I have the experience of 20+ “GPT-5 (Smart)” answers in rapid sequence in the same thread, without triggering any limit!
● I noticed that Claude has changed the fonts in the Web UI (but not in the mobile app yet). From Reddit: New vs. old Claude UI fonts: The old fonts were Styrene B and Tiempos Text; the new fonts are “anthropicSans” (Anthropic Sans Text Light) and “anthropicSerif” (Anthropic Serif Text Light). They’re visibly thinner.
I would single out this comment: “I like the new font. In code, I don’t like the != changing to the = with a slash through it.”
That’s because they also replaced whatever fixed font they were using with “jetbrains” (JetBrains Mono Regular). Some developers love it (but I don’t, because I prefer the traditional !=).

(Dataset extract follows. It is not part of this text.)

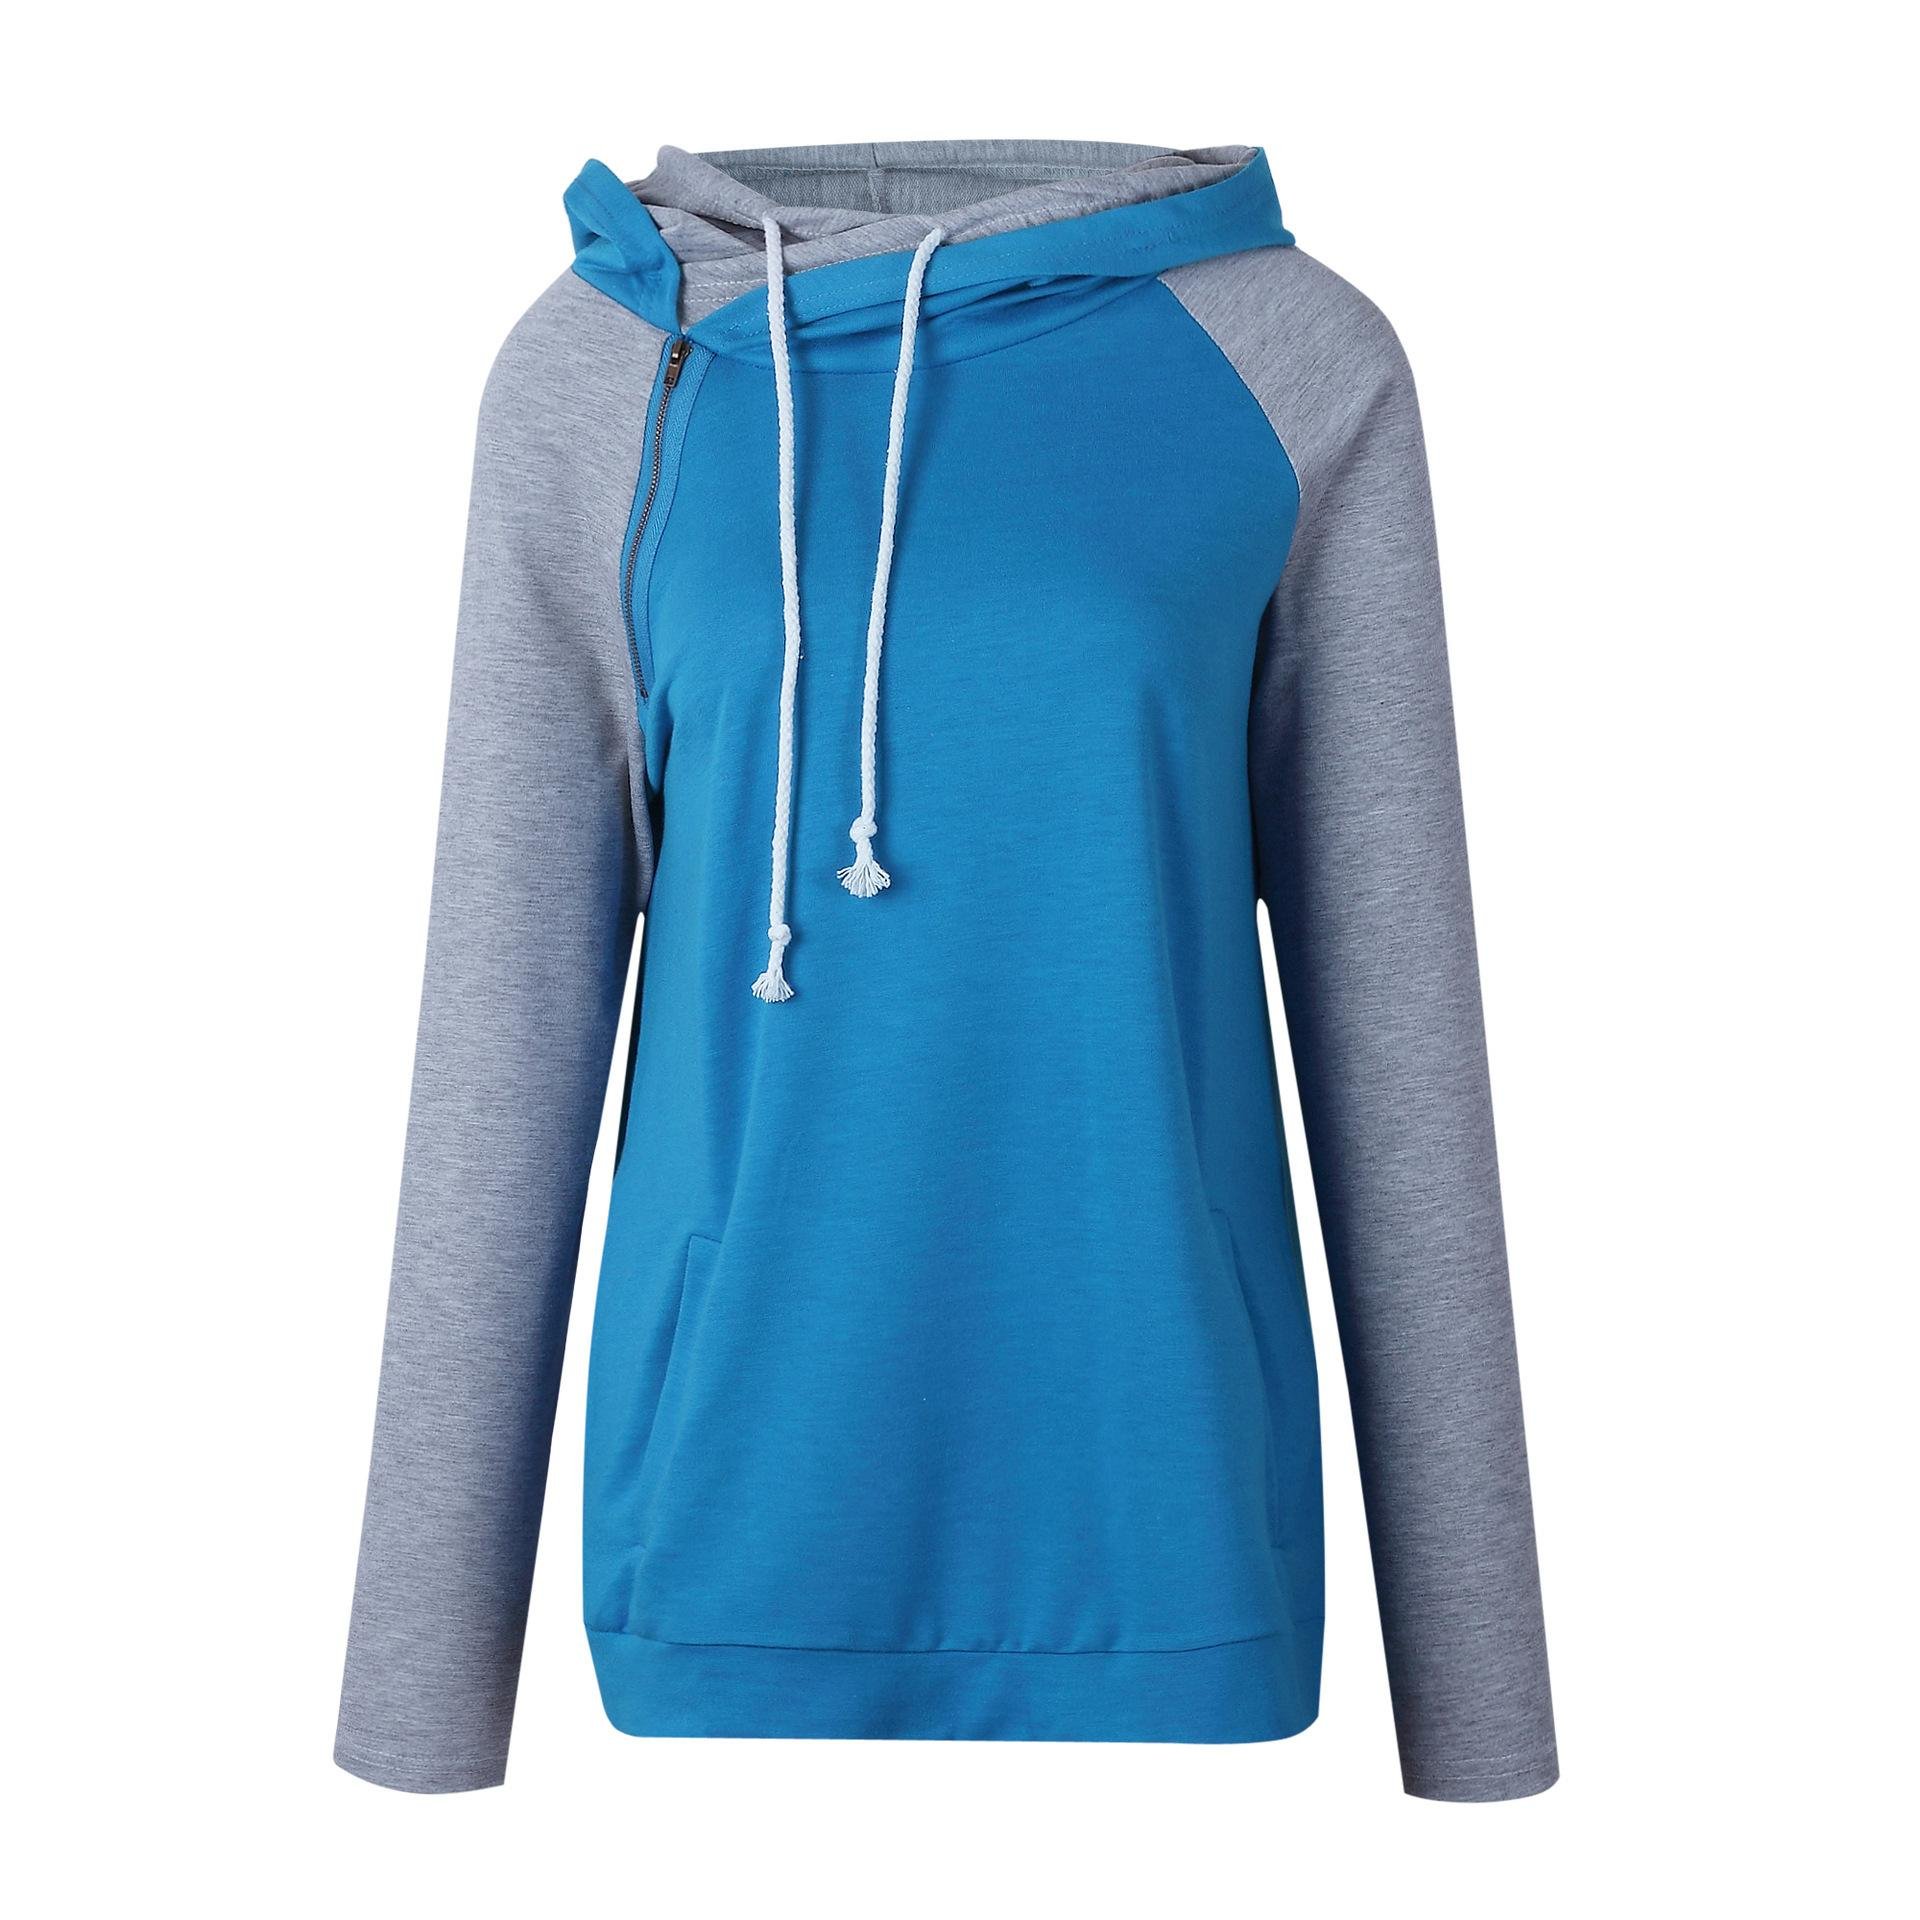 Neue stil persönlichkeit mode freizeit reißverschluss spleißen hoodie jacke 0604 #

● If Claude seemed a bit stupid 2-3 weeks ago, here’s why. Anthropic, on Sept. 17: A postmortem of three recent issues: “This is a technical report on three bugs that intermittently degraded responses from Claude. Below we explain what happened, why it took time to fix, and what we’re changing.”
● OpenAI says models are programmed to make stuff up instead of admitting ignorance (see the study: Why Language Models Hallucinate)
Regarding the last point, from a purely technical standpoint:
1) The model is not programmed to do what you tell it.
2) The model is not programmed to return data consistent with reality or truth, given that it doesn’t know what truth is and cannot evaluate it.
3) The model does not understand a single word of your prompt, the data it was trained on, or its own response.
4) The model is programmed to produce the most plausible (from a probabilistic perspective) continuation to your prompt, based on the data it was trained on. It’s just a language tool, not a reality tool.
5) Hallucinations are not errors, but correct (plausible) results of the algorithm functioning within normal parameters.
See my comments starting from here.
Grok 3 is not the only free one. Grok 4 is freely available from at least august.
Now you have Grok 4 Fast (beta), and I think Expert (Thinks hard) is basically Grok 4 normal, but you can also explicitly select it right at the bottom, from Models.
Absolutely, except that your image doesn’t work because this comments system bans WEBP. Why don’t you use PNG?
And Grok 4 was made available later, but you couldn’t be fucking bothered to check my later posts.
I’ll check your posts regarding AI from the beginning. But this is relatively new, from last month.
I used Grok 4 in August (see the link), so it existed in August. Maybe you spotted it later?
Indeed, I failed to notice it right away.
But yes, it is a good idea to check your later posts. 🙂 So this is on me.